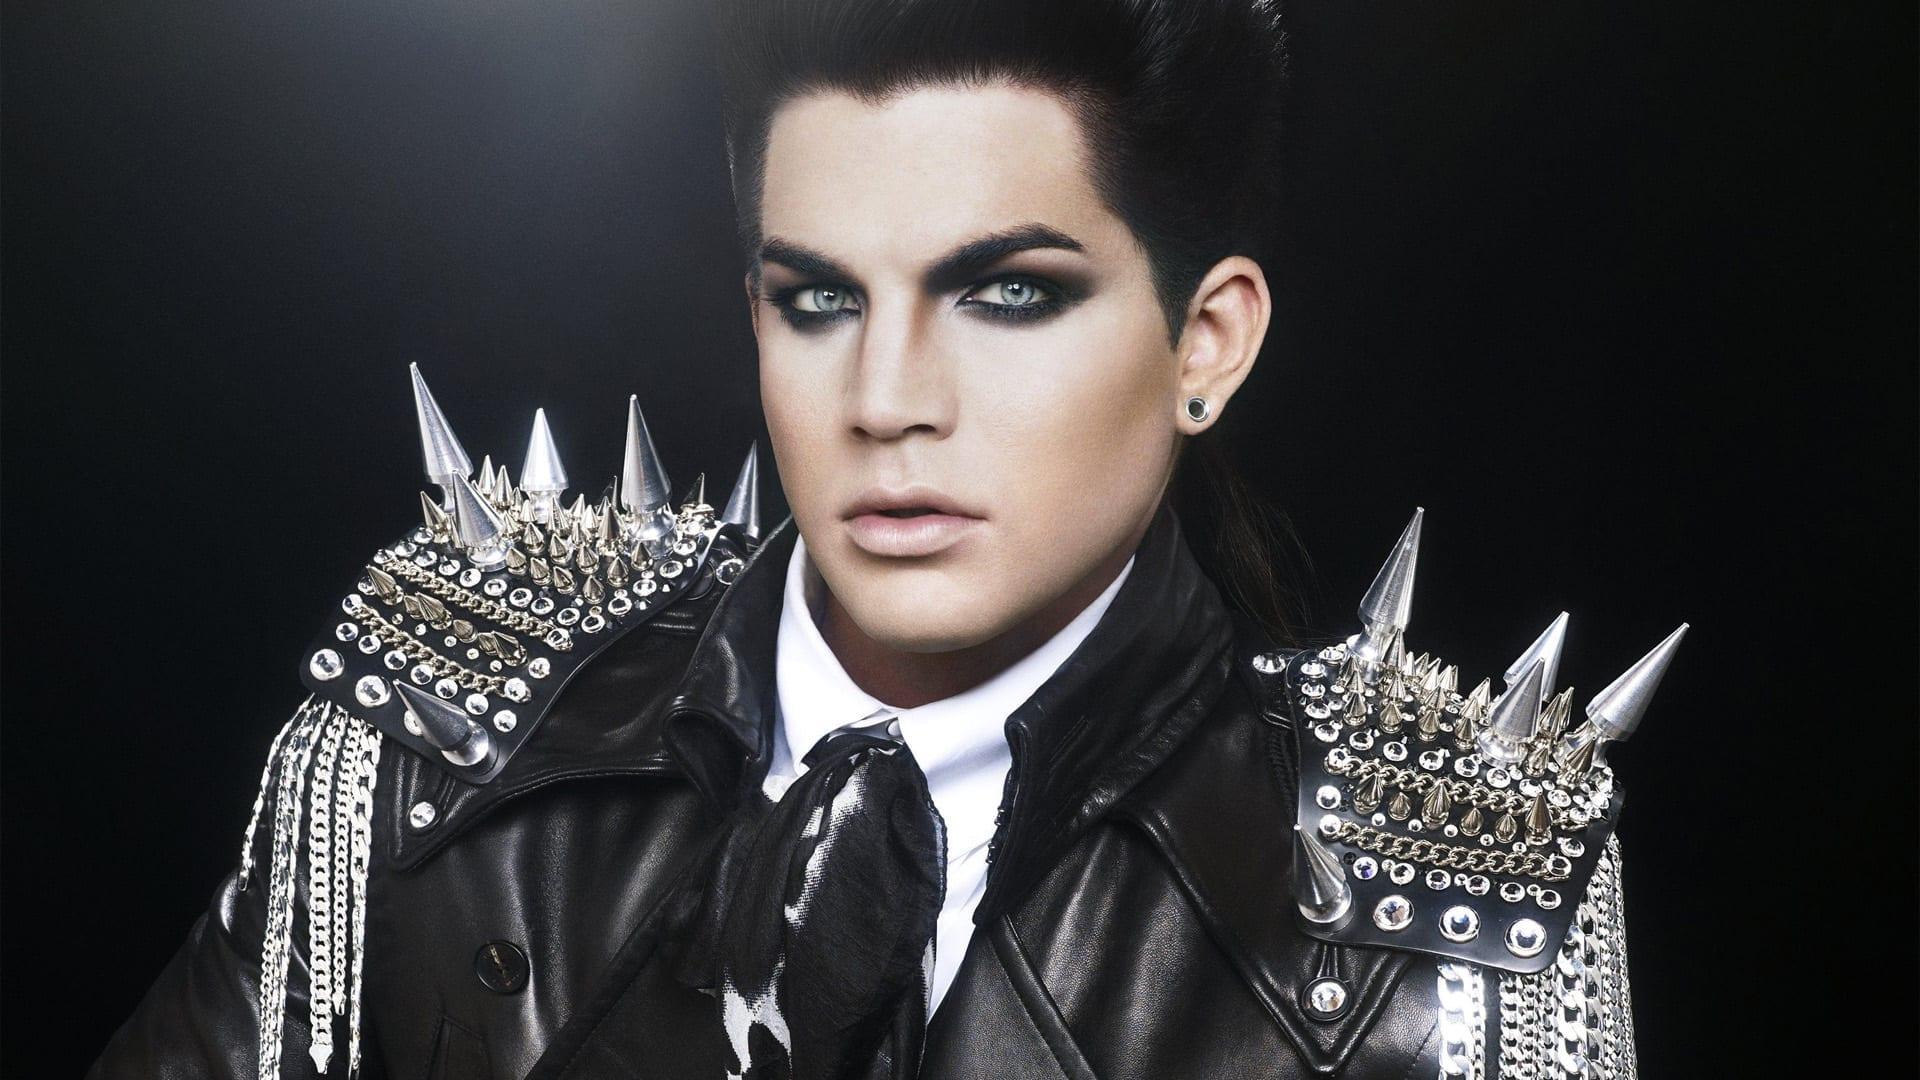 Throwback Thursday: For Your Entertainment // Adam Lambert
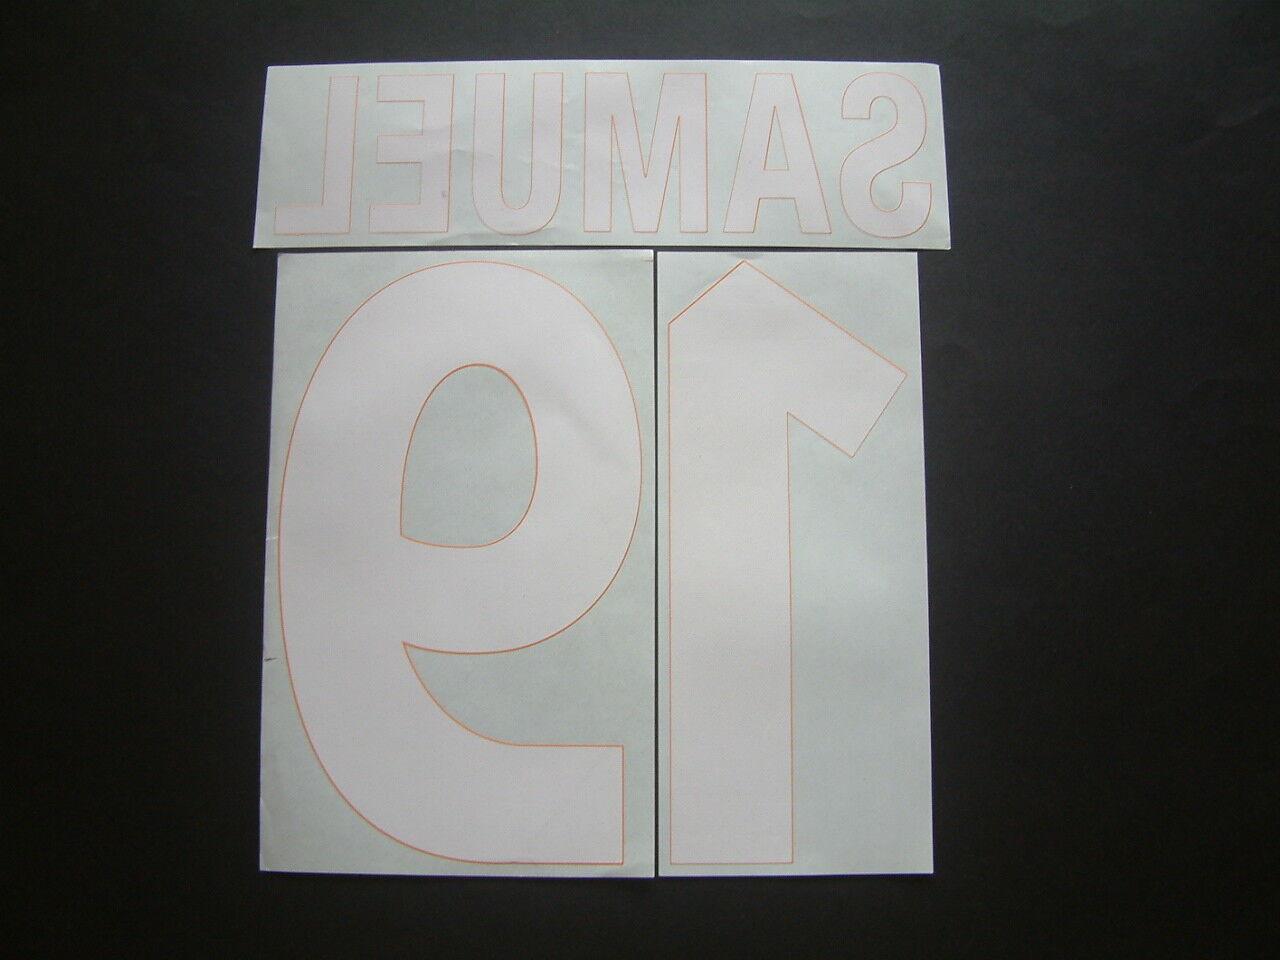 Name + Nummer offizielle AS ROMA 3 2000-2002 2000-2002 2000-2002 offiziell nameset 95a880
--
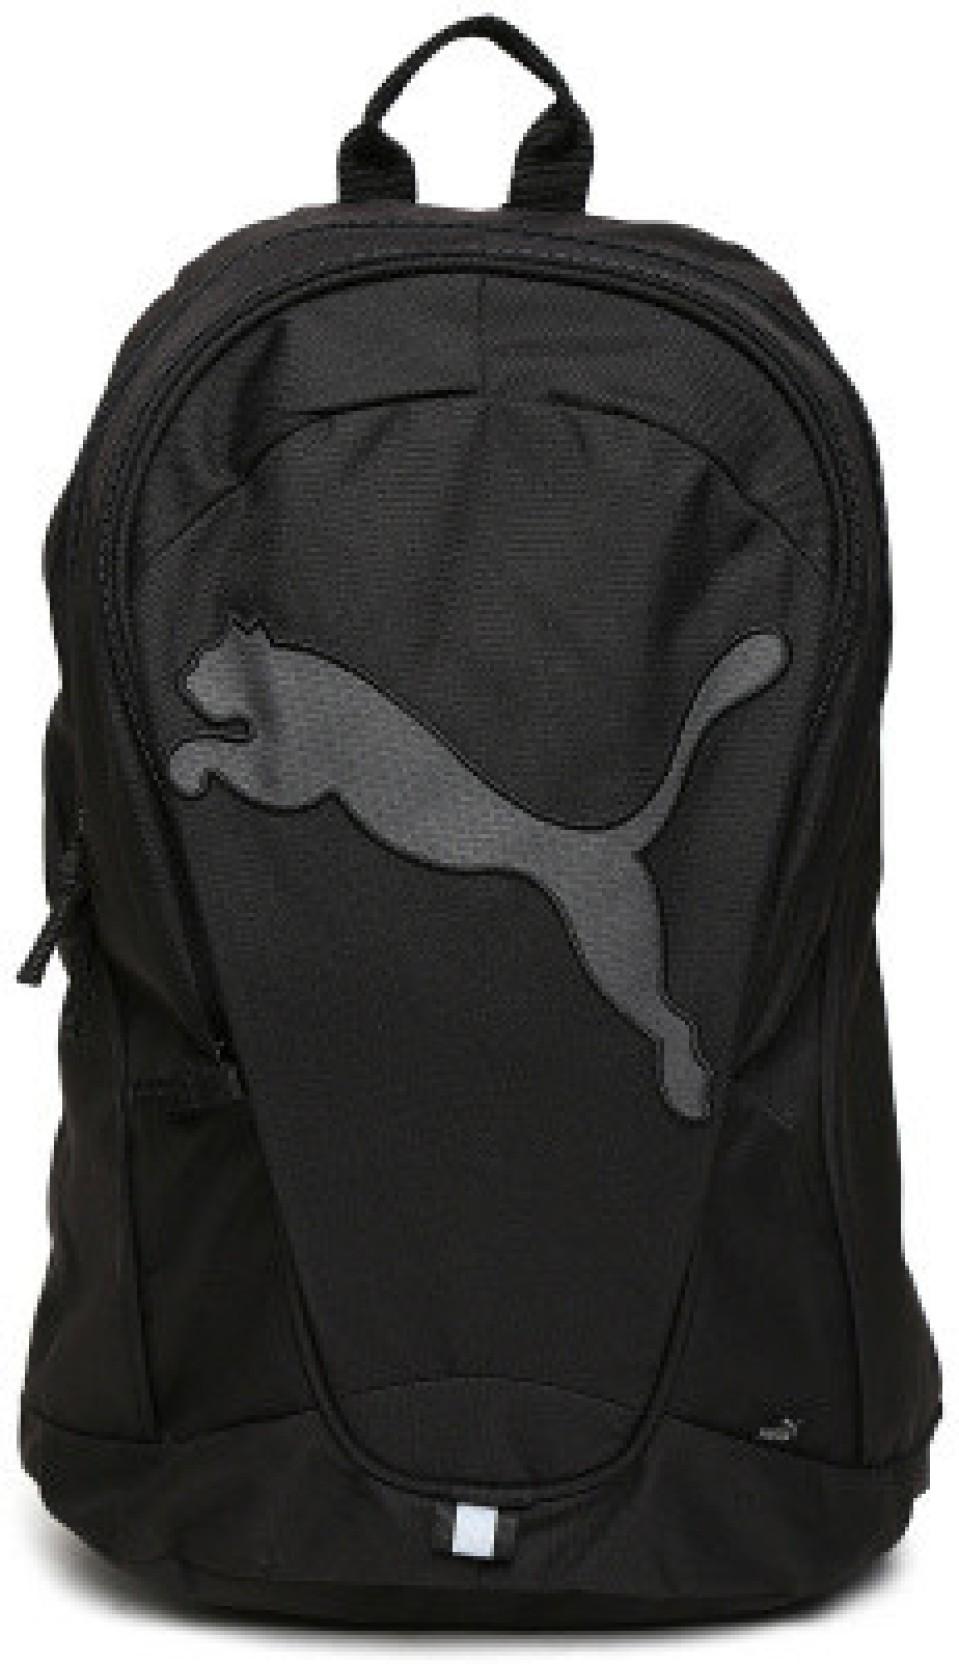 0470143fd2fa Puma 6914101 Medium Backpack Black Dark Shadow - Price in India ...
--
### Problem to work on:
Using the records above, return verbatim only the part that opens with the line containing "Throwback Thursday: For" and closes with the line containing "Name + Nummer"; pictures stay out.

### Finished task:
 Throwback Thursday: For Your Entertainment // Adam Lambert
 Name + Nummer offizielle AS ROMA 3 2000-2002 2000-2002 2000-2002 offiziell nameset 95a880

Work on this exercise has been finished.